View Full Version : New math kits prepared by Idaho inmates


TNC
12-14-2004, 08:19 PM
06:34 PM MST on Tuesday, December 14, 2004

Robbie Johnson
Idaho's NewsChannel 7

BOISE -- Idaho inmates are in prison because they broke the law, but now they are helping to break new ground in the classroom.
Their efforts are adding up to better testing techniques for elementary school mathematics.

Assessing math skills for younger grades often takes more than just a paper and pen.

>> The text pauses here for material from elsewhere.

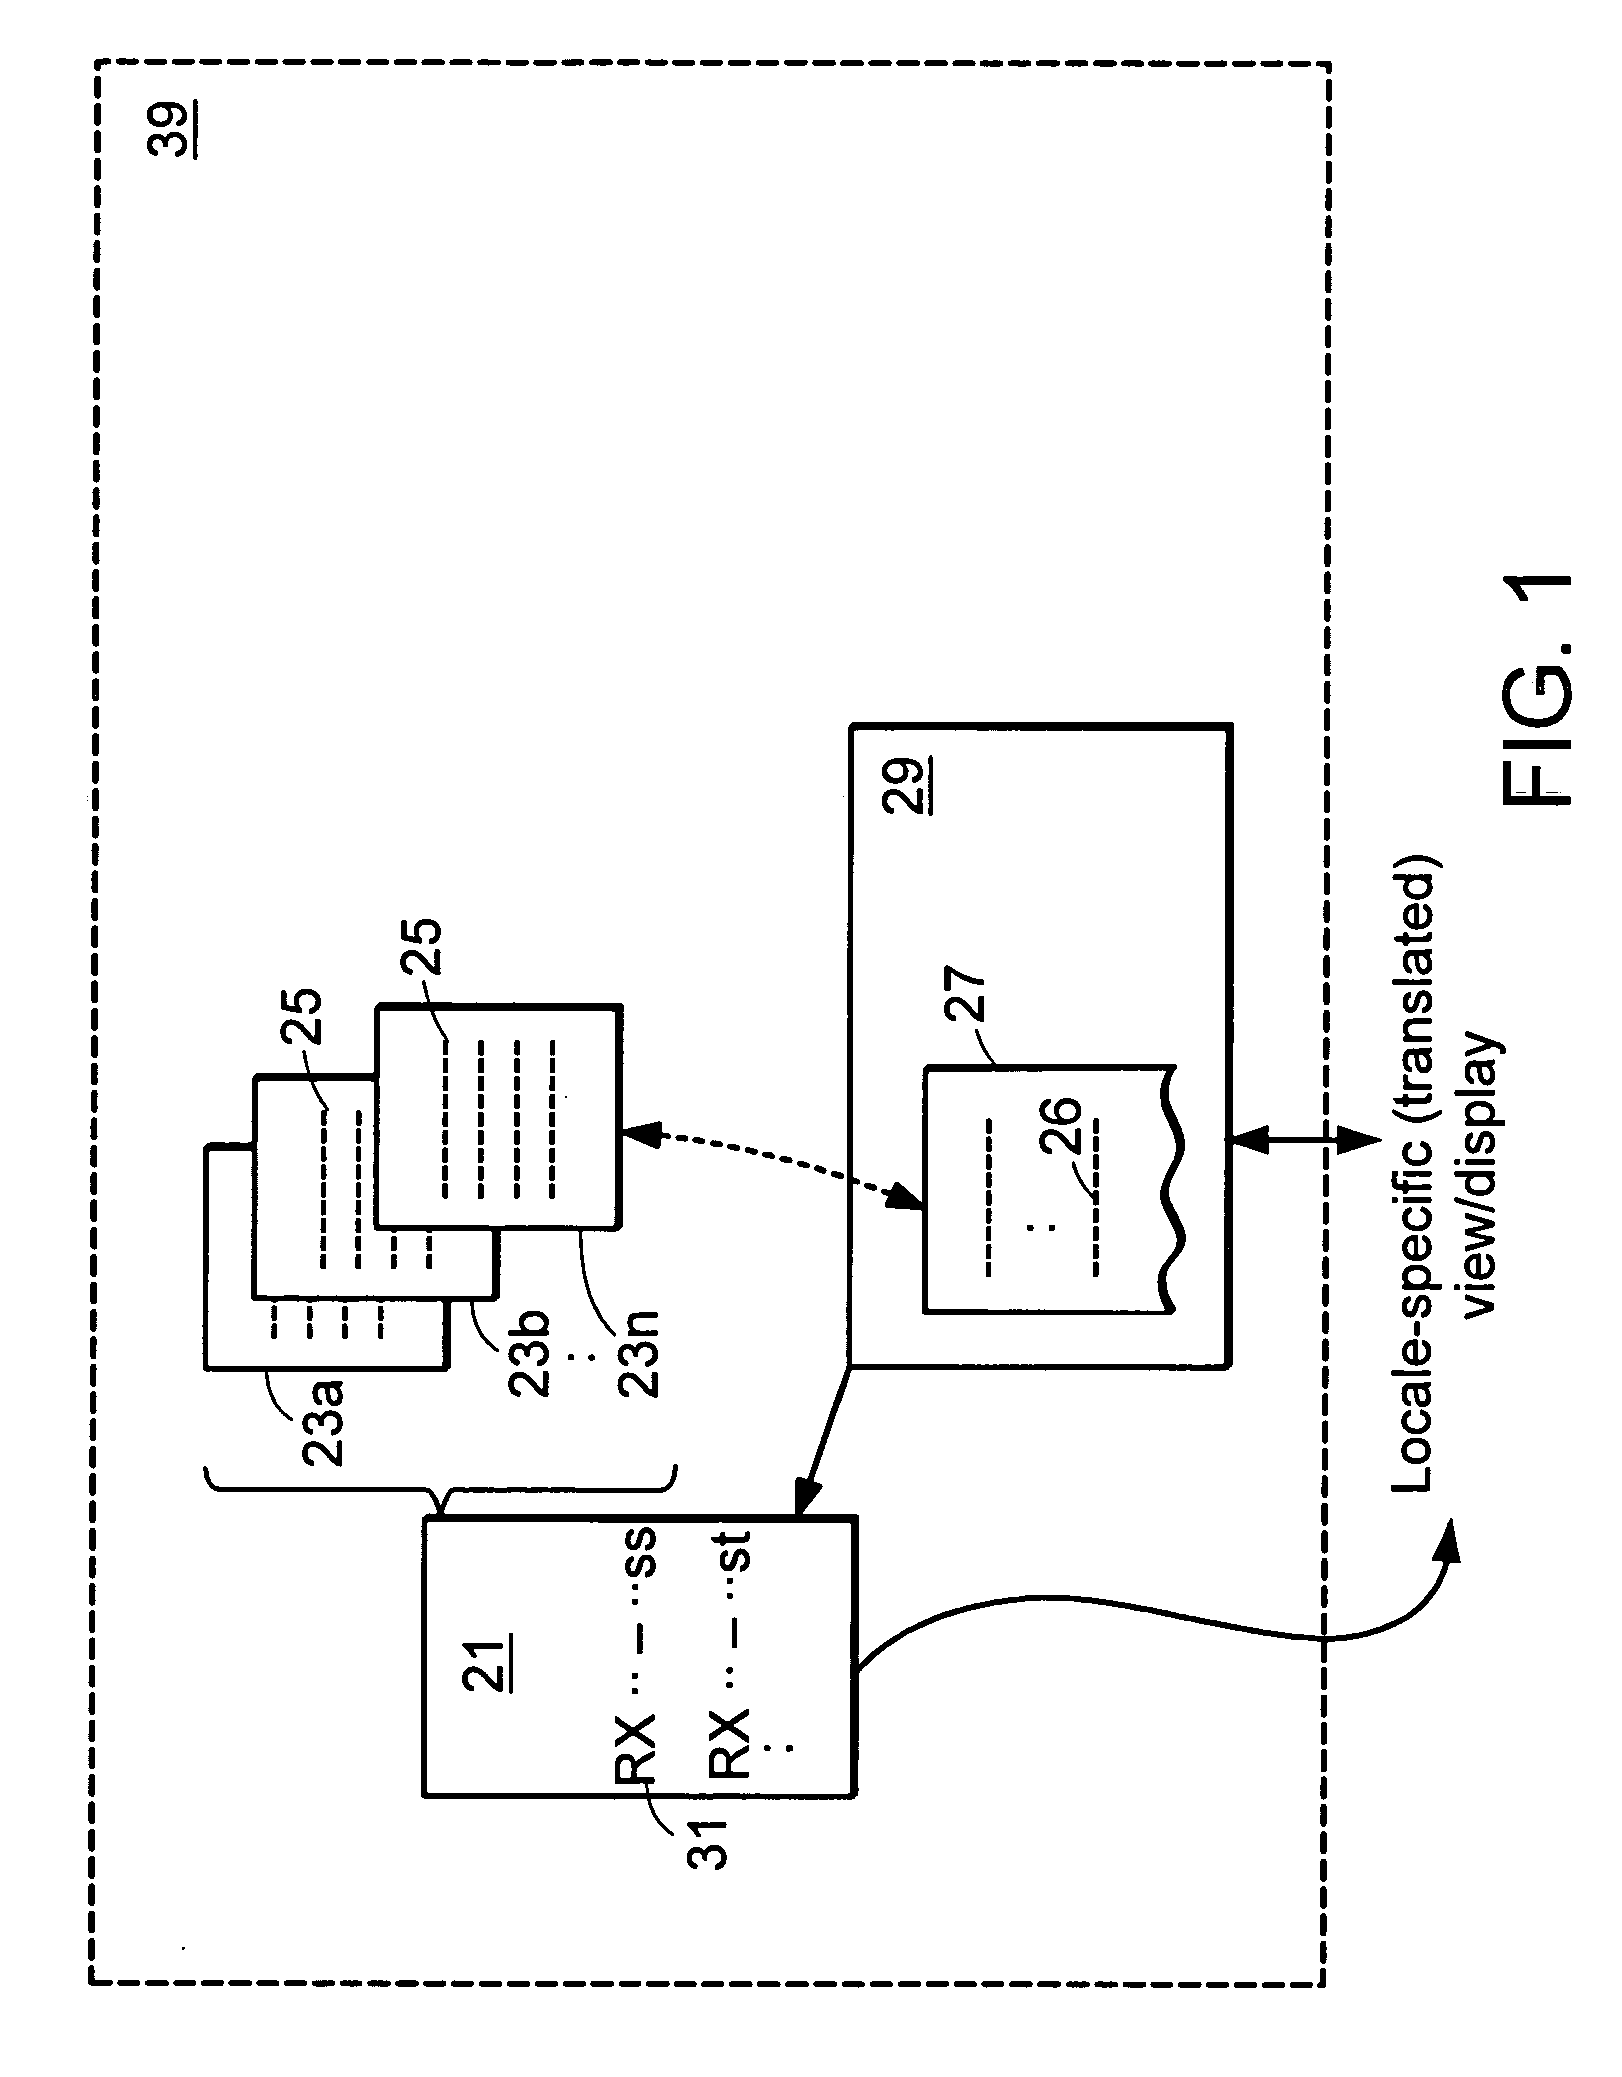 Automated multilingual software testing method and apparatus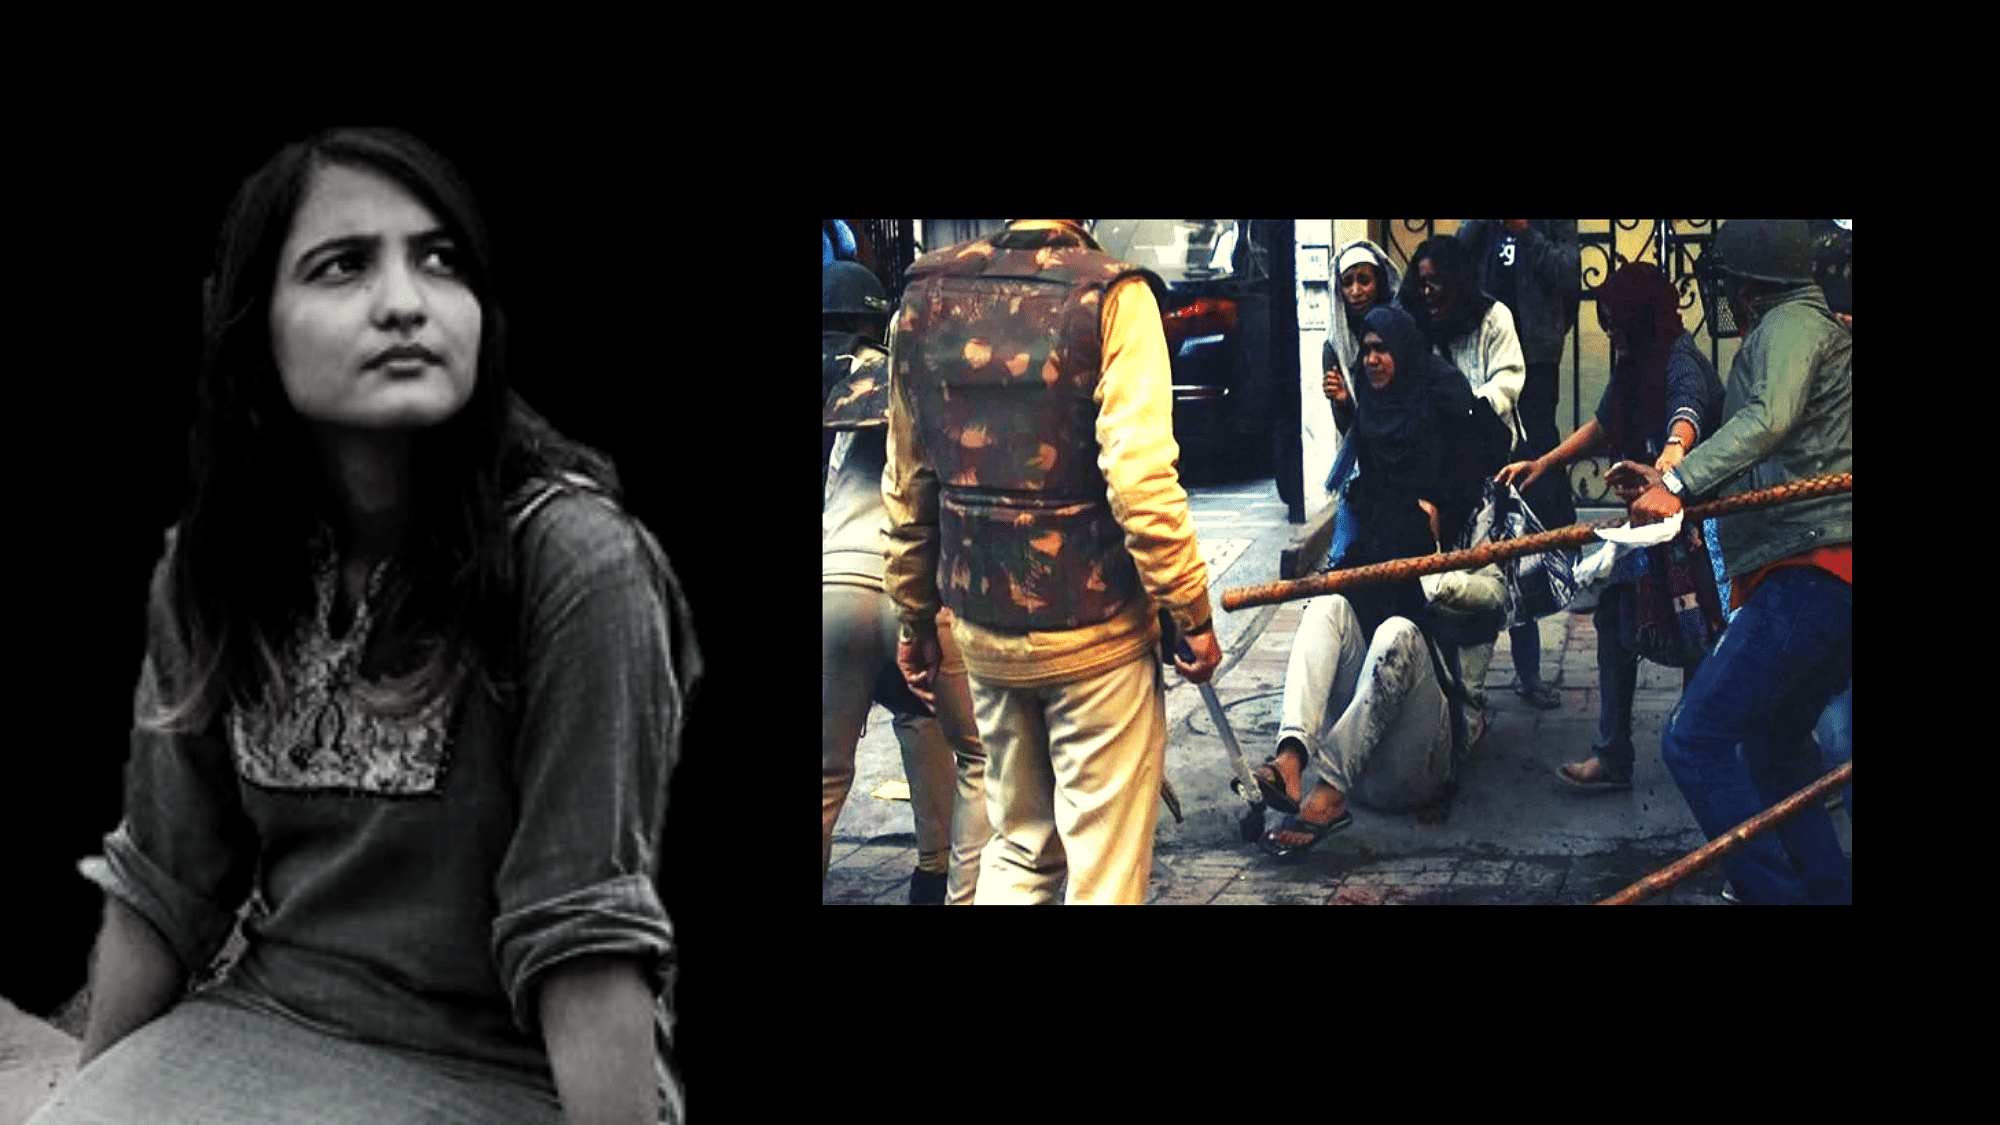 Saher Naqvi describes her harrowing experience on the night of 15 December, when Delhi Police undertook a brutal crackdown against the students’ protest at Jamia.

But this new test needed the help of criminals to get put together.

They may not be Santa’s little elves, but these Idaho inmates are busy working on a present for Idaho teachers and students.

The offenders are putting the pages together on a new math kit that will help Idaho teachers test kindergarten through second grade students.

“We’ve had upwards of 30 inmates employed and upwards of a hundred workers on this project since it started,” said Martin Thomas with Idaho Correctional Industries.

The project started in early November and the assignment was to make more than 2,600 kits, and have them in schools after the Christmas holiday break.

"We manufactured the print part and that's pretty much what we did in this kit and the labor to assemble the kit," Thomas said.

The final touches are nearly complete, and thanks the inmate labor, the cost for each kit is just $72 dollars, much less than if a private company did the job.

The kit will measure student thought-processes in a way that has not been available to Idaho teachers before, by using things like geometric shapes and spinners.

"This actually gives the teacher a window into their children's thinking, so we can make instructional decisions based on what individual students in our classroom know," said Lucy Hahn, one of the kit’s developers.

The math kit is a version of a test used in Mississippi, where offenders also helped put them together.

Here in Idaho, it will go a long way in improving student math skills and allow inmates a chance to give a little something back.

“I think it’s a great opportunity for the kids in the schools to have things like this, because we never had this kind of stuff growing up," said inmate Kyle Koepnick.

The tests are designed help prepare students for the Idaho standards achievement tests which begin in second grade. The kits will go to every elementary school in Idaho.